Pace of vaccinations is going up
But experts say those vaccinated, while they may be able to transmit the virus, remain very well protected against getting seriously ill. Amid the latest surge of Covid-19 cases nationwide fueled by the Delta variant, local leaders across the US are reporting that the majority of new infections and hospitalizations are among unvaccinated people. The Delta variant is now so contagious, one former health official recently warned that people who are not protected — either through vaccination or previous infection — will likely get it. Amid concerns over the rising cases and the dangerous strain, the country has seen a steady rise in the pace of vaccinations in the past three weeks — and an even sharper increase in states that had been lagging the most, according to a CNN analysis of CDC data.
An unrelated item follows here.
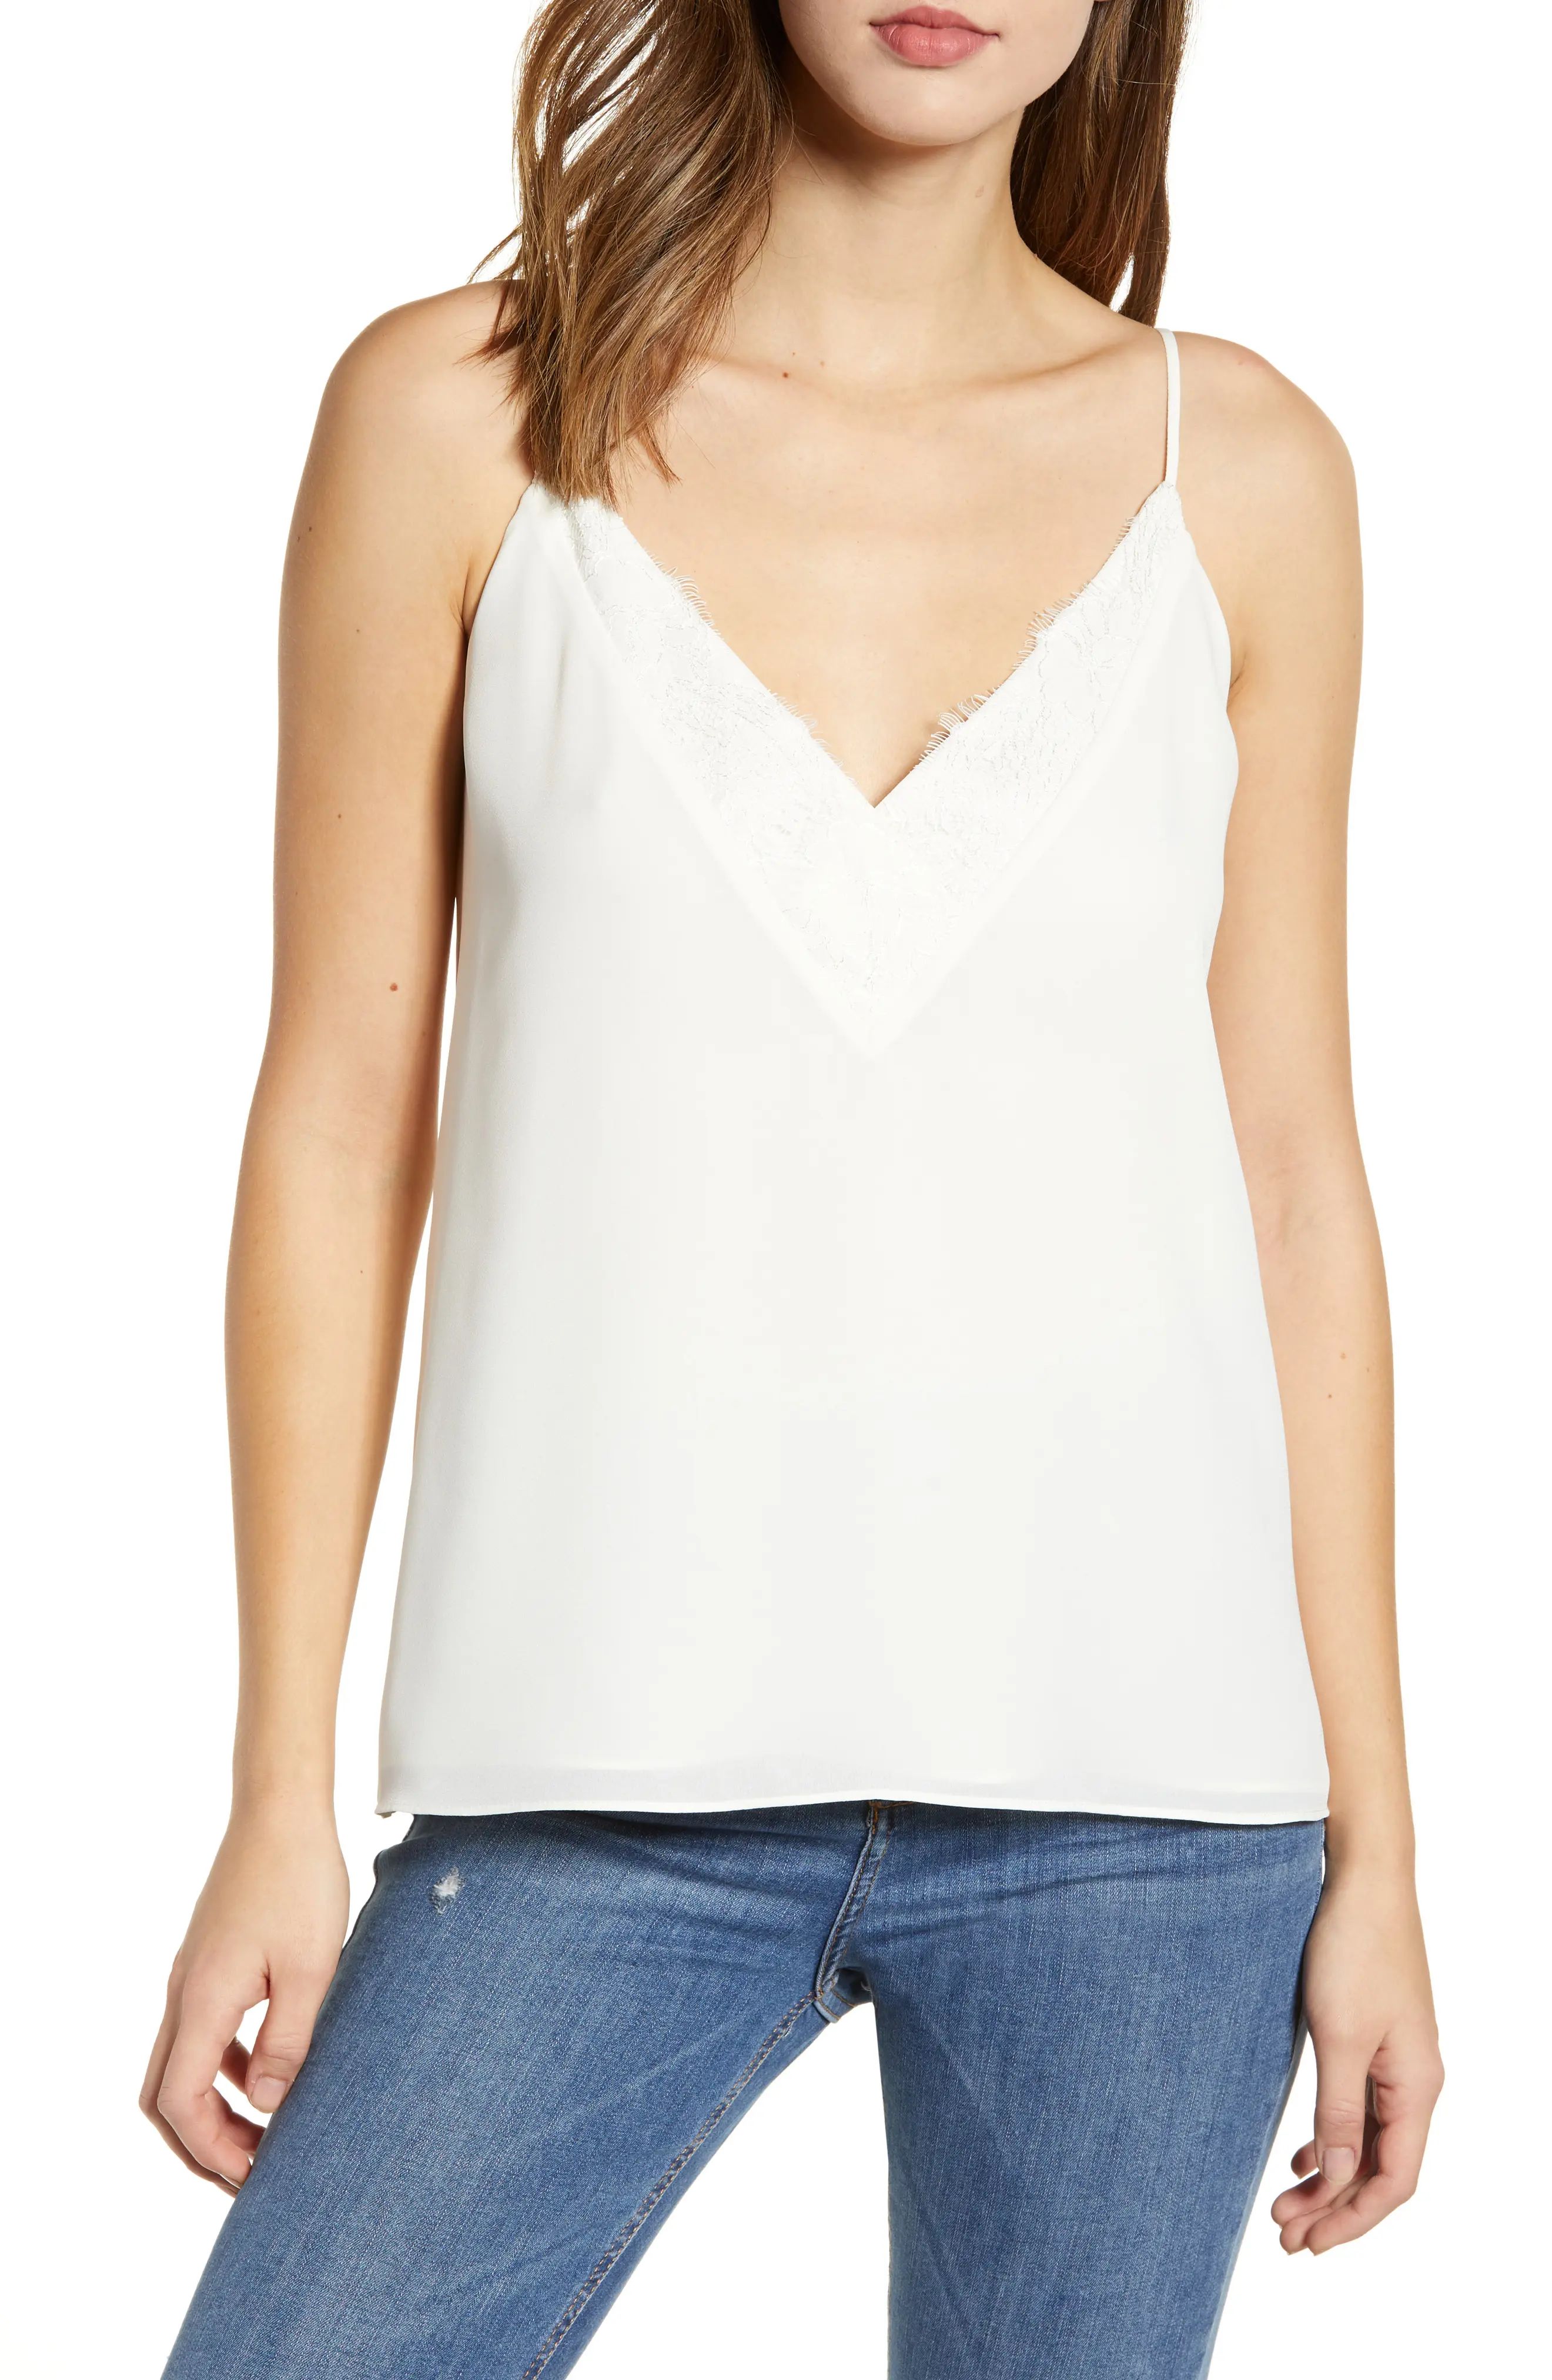 Women's Socialite Lace Trim Camisole Top, Size X-Small - Ivory | Nordstrom

The seven-day average of new doses administered in the US is now 652,084, up 26% from three weeks ago. The difference is even more striking in several southern states: Alabama’s seven-day average of new doses administered is more than double what it was three weeks ago. The state has the lowest rate of its total population fully vaccinated in the US, at roughly 34%. Arkansas, with just 36% of its population fully vaccinated, has also seen its average daily rate of doses administered double in the last three weeks. Louisiana, which had by far the most new Covid-19 cases per capita last week and has only fully vaccinated 37% of its population, saw daily vaccination rates rise 111% compared to three weeks ago.